Может быть, то самое чутье, которое, думал господин Аверелли, было всего-навсего учетом тонких мелочей, тех признаков будущего, которые никогда не проявляются явно и сразу и которые способны замечать лишь самые проницательные? Может быть, потому ой и стал хозяином фирмы и женился лишь в сорок пять (имеется в виду Джулия), что добрых тридцать, а то и все сорок лет он потратил на приобретение опыта и чутья, создание беспроигрышного дела, которое, как откровение, пришло ему однажды во время привычного и одинокого вечернего размышления на складе мехов. Откровения всегда просты до досадности… И он понял, рассматривая партию редких уже и тогда выдровых шкур, что
О, пышный натуральный мех! Натуральный мех, за которым тщетно пока гонится, несмотря на все ухищрения, преуспевающая синтетика. Впрочем, Аверелли имел свои взгляды на синтетику: уже давно покупал акции известных фирм, и хотя его мечта сосредоточить в руках фирмы Аверелли всю торговлю натуральным и синтетическим мехом в Италии (или в Европе) еще была безмерно далека, он не оставлял ее без внимания, как несбыточность. Любой шаг к цели приближает цель… Любой шаг… Любой шаг…
Аверелли прицельно поглядывал из-под очков.

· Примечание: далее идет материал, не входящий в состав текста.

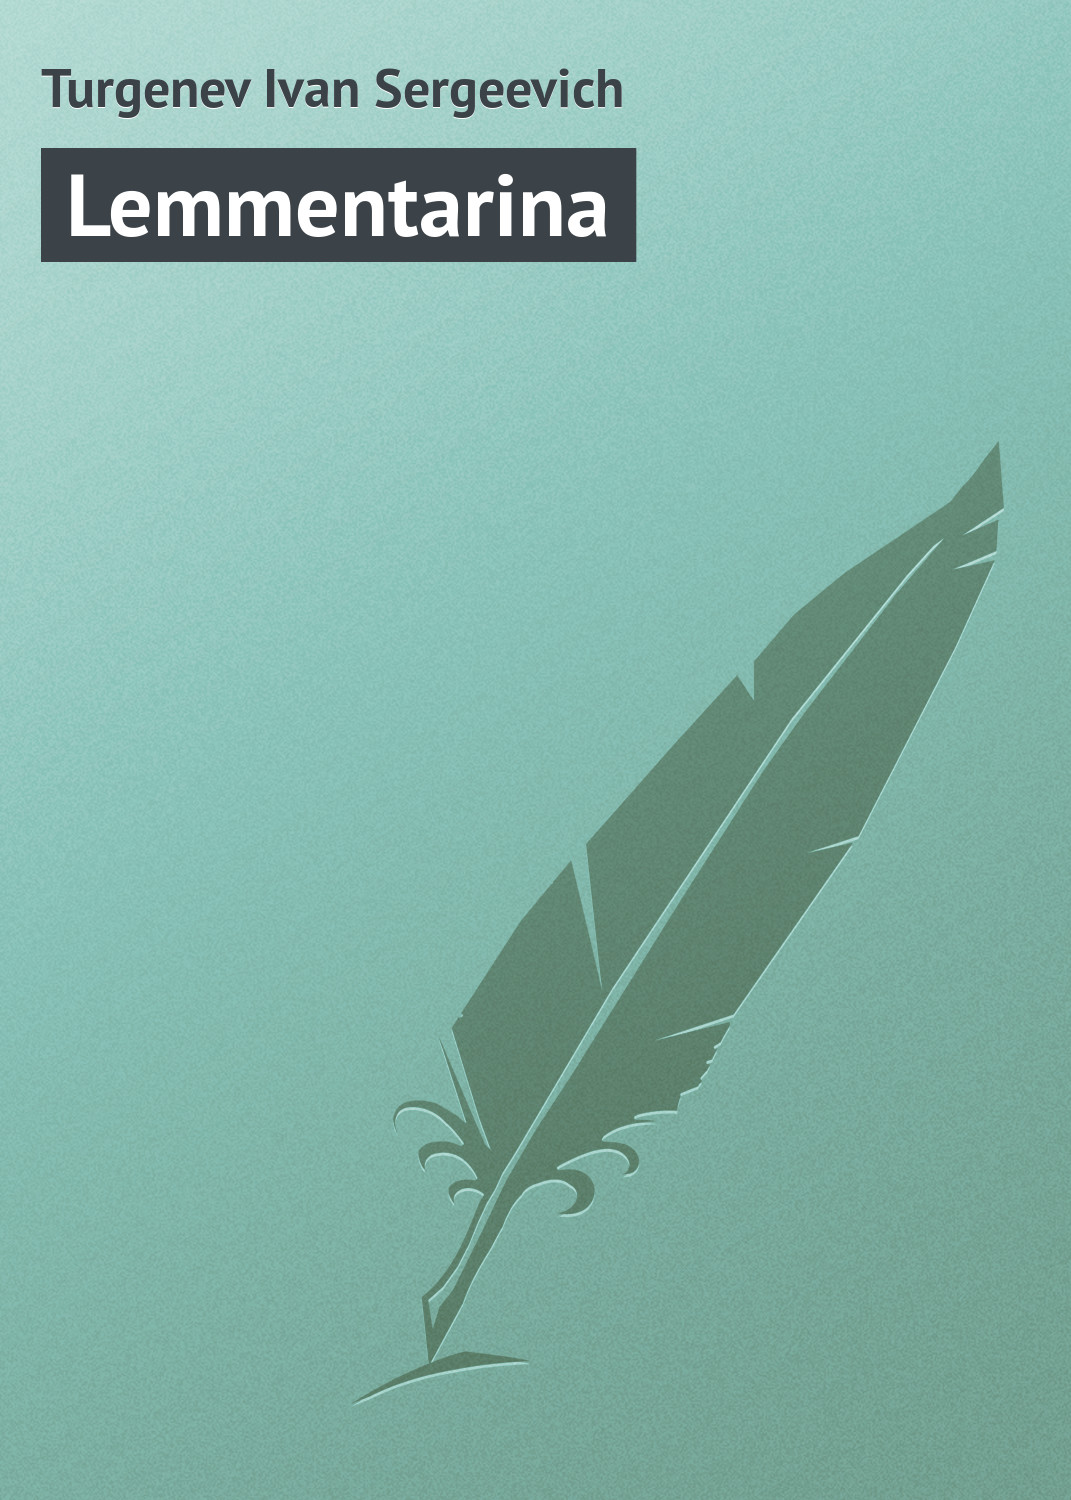 Книга Lemmentarina из серии , созданная Turgenev Ivan, может относится к жанру Литература 19 века, Русская классика. Стоимость электронной книги Lemmentarina с идентификатором 23166675 составляет 5.99 руб.

Зал заполнился… Были здесь разные, однако в чем-то весьма сходные представители человечества: лысые и густоволосые, в очках-модерн и без них, блистающие старомодным золотом оскала и с новейшими челюстями из оргфарфора, которые делали очаровательно свежим и молодым даже противный рот поблекшего человека, а здесь и не было почти людей молодых, — люди в костюмах добротного респектабельного бизнеса, в штучных ботинках и галстуках и люди, одетые нарочито скромно, однако с повадками миллионеров, и, наконец, тот новый слой бизнеса, который еще рядится в дубленки с цепочками и дешевые, вроде джинсов, брюки — это самый опасный, но и самый быстро исчезающий вид, вылетающий навсегда из игры либо переходящий к вышеописанным типам… В чем же они были одинаковы? Не одинаковы ли в настрое лиц, выражении глаз, в том тяготении, что связывало их с грудами мехов и с кафедрой, на которую уже взошел главный аукционист, человек с никелированным молотком и внешне очень похожий сам, как бы отраженный от всех сидящих в зале. Аверелли понимал, что аукционист и не может быть иным. Как и все, сеньор Аверелли нацепил было на левое ухо улитку синхронного перевода, но тут же и снял, потому что по-английски он говорил вполне прилично да и по-русски перенял от жены вполне достаточно из той области, которая была ему необходима…
Торги начались.
И еще сильнее проявилось, отразилось, засияло на лицах всех присутствующих то общее, что в них было и что носилось тут в воздухе огромного зала. Оно осело, как желание, на лица всех, вытянулось в каждом взгляде, носе, ушах, руках с хронометрами на тяжелых браслетах, руках жилистых, нервных, волосатых, желающих, умеющих ловко считать и записывать, во всех их перстнях, ухоженных ногтях или зарубцевавшихся шрамах. Оно устремилось по направлению к грудам мехов, на связки разнообразно коричневых, искрящихся, поблескивающих, серых, голубых, огненно-рыже-красных, палевых, шелковисто черных, снежно белых мехов, шкур, всего, что осталось от некто и нечто, что еще совсем недавно резвилось в прохладных и свободных вершинах сосен и на еловом колоднике, скакало по опушкам и пряталось в норы, каталось в травах и мылось росой, радостно встречало солнце и провожало закаты, дышало и лесом, и волей, и жило бесконечностью того непонятного, но внятно счастливого, что составляло, овеществляло их суть и что черно обрывалось с громом и болью в пронзенном, пробитом теле, кончалось с отчаянным криком в чьих-то безжалостно черствых пальцах, в чьих-то сомкнувшихся неотступающих зубах…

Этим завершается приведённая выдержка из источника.